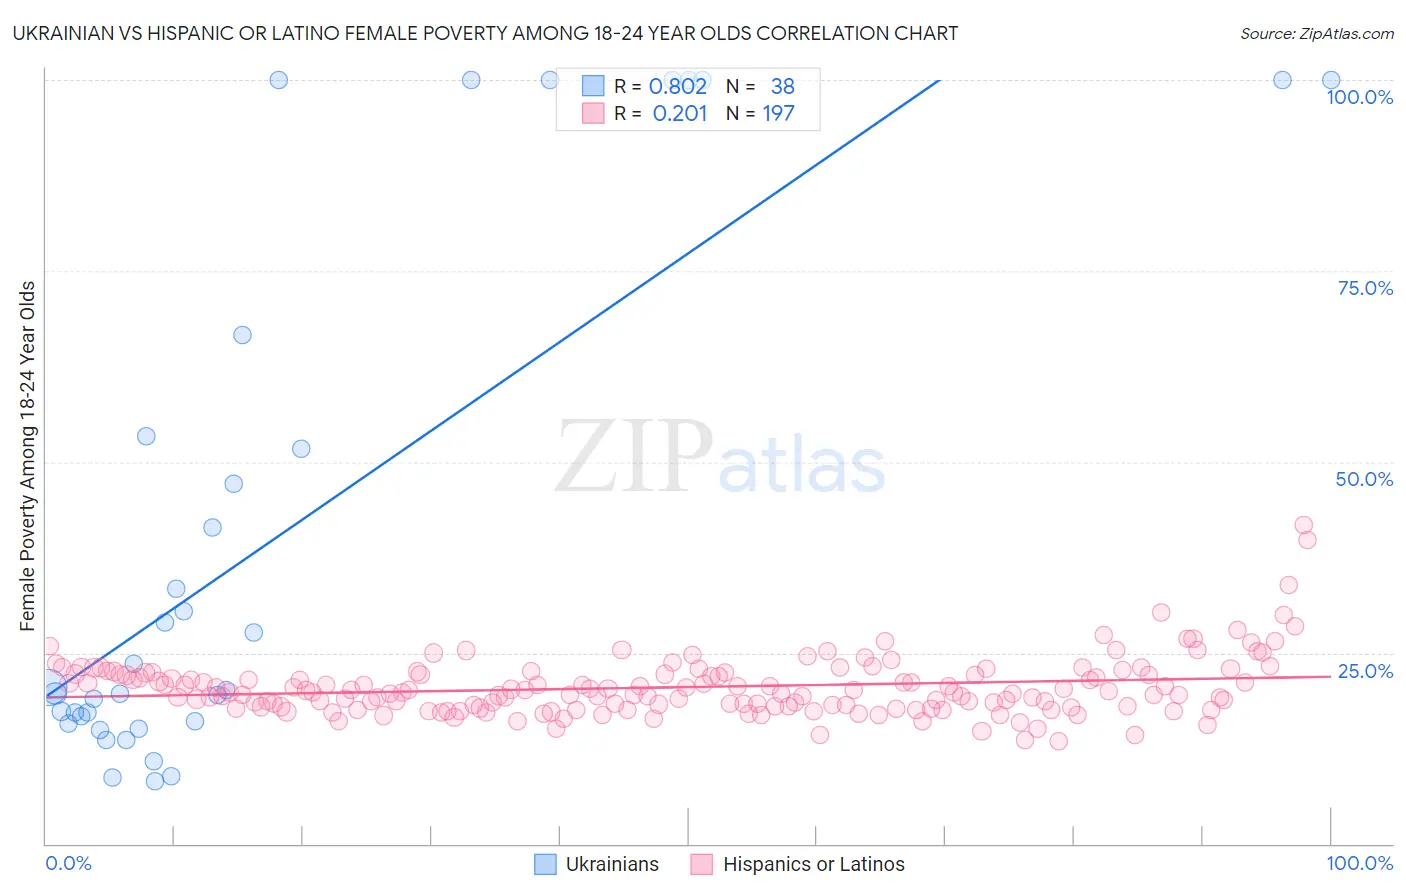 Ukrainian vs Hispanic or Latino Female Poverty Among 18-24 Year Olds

::::

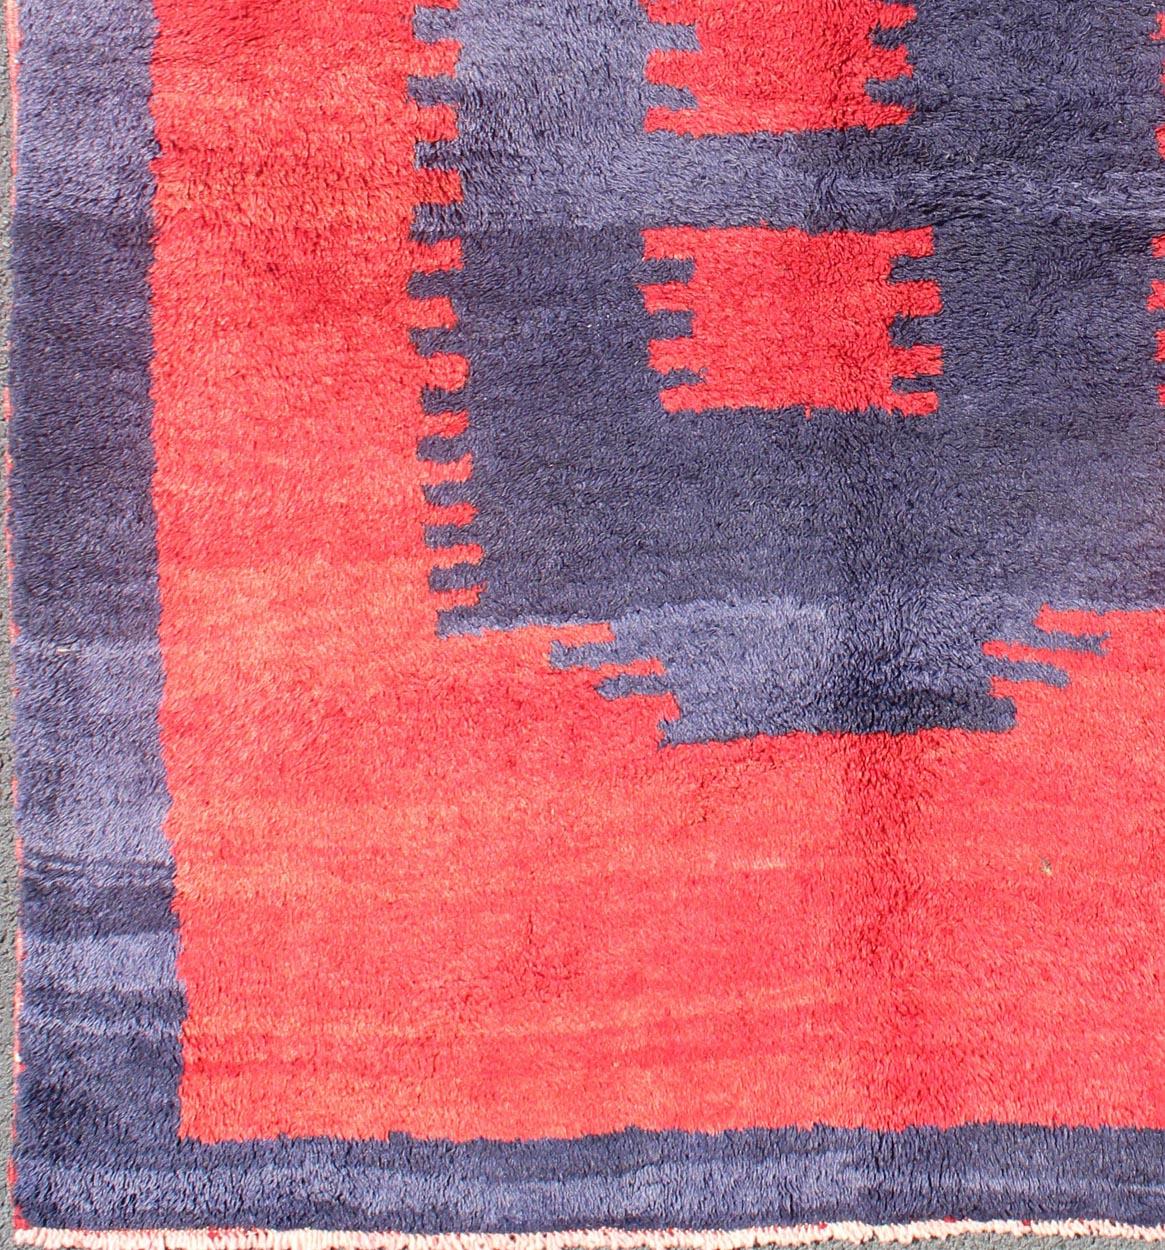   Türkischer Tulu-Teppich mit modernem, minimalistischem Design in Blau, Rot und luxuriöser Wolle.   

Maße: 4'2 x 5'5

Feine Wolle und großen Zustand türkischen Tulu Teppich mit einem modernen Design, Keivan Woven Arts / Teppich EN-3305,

::::

Your assignment:
All lines above from the one with "Maße: 4'2 x 5'5" to the one with "Feine Wolle und", inclusive, should be copied exactly, and no other lines.

Your solution:
Maße: 4'2 x 5'5

Feine Wolle und großen Zustand türkischen Tulu Teppich mit einem modernen Design, Keivan Woven Arts / Teppich EN-3305,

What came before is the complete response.